WHAT YOU SHOULD DO:
Where the listing below has a line containing "Smart Motion Sensor", output that line and all lines after it, verbatim, and no others.

DATA PROVIDED:
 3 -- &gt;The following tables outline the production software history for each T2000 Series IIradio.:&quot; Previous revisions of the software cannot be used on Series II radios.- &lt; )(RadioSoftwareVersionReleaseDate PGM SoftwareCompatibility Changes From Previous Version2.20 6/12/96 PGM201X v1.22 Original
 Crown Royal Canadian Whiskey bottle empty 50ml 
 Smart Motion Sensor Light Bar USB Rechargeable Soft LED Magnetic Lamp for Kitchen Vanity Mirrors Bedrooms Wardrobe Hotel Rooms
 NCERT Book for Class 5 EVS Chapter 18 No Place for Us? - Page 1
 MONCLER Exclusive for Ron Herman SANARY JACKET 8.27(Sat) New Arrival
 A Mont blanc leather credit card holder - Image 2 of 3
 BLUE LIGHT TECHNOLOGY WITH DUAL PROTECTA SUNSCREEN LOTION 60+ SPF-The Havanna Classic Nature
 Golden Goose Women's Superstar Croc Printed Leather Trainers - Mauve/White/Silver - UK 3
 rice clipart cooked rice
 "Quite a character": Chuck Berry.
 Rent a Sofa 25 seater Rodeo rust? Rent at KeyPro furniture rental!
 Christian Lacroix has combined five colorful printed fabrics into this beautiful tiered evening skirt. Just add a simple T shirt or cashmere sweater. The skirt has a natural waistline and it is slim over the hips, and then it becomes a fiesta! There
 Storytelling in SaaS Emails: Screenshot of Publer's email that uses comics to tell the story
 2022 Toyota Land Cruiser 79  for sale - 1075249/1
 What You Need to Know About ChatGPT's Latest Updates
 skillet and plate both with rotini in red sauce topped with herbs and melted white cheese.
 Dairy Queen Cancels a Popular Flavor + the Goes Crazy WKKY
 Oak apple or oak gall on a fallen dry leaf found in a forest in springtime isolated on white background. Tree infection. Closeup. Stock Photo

FINISHED EXERCISE:
 Smart Motion Sensor Light Bar USB Rechargeable Soft LED Magnetic Lamp for Kitchen Vanity Mirrors Bedrooms Wardrobe Hotel Rooms
 NCERT Book for Class 5 EVS Chapter 18 No Place for Us? - Page 1
 MONCLER Exclusive for Ron Herman SANARY JACKET 8.27(Sat) New Arrival
 A Mont blanc leather credit card holder - Image 2 of 3
 BLUE LIGHT TECHNOLOGY WITH DUAL PROTECTA SUNSCREEN LOTION 60+ SPF-The Havanna Classic Nature
 Golden Goose Women's Superstar Croc Printed Leather Trainers - Mauve/White/Silver - UK 3
 rice clipart cooked rice
 "Quite a character": Chuck Berry.
 Rent a Sofa 25 seater Rodeo rust? Rent at KeyPro furniture rental!
 Christian Lacroix has combined five colorful printed fabrics into this beautiful tiered evening skirt. Just add a simple T shirt or cashmere sweater. The skirt has a natural waistline and it is slim over the hips, and then it becomes a fiesta! There
 Storytelling in SaaS Emails: Screenshot of Publer's email that uses comics to tell the story
 2022 Toyota Land Cruiser 79  for sale - 1075249/1
 What You Need to Know About ChatGPT's Latest Updates
 skillet and plate both with rotini in red sauce topped with herbs and melted white cheese.
 Dairy Queen Cancels a Popular Flavor + the Goes Crazy WKKY
 Oak apple or oak gall on a fallen dry leaf found in a forest in springtime isolated on white background. Tree infection. Closeup. Stock Photo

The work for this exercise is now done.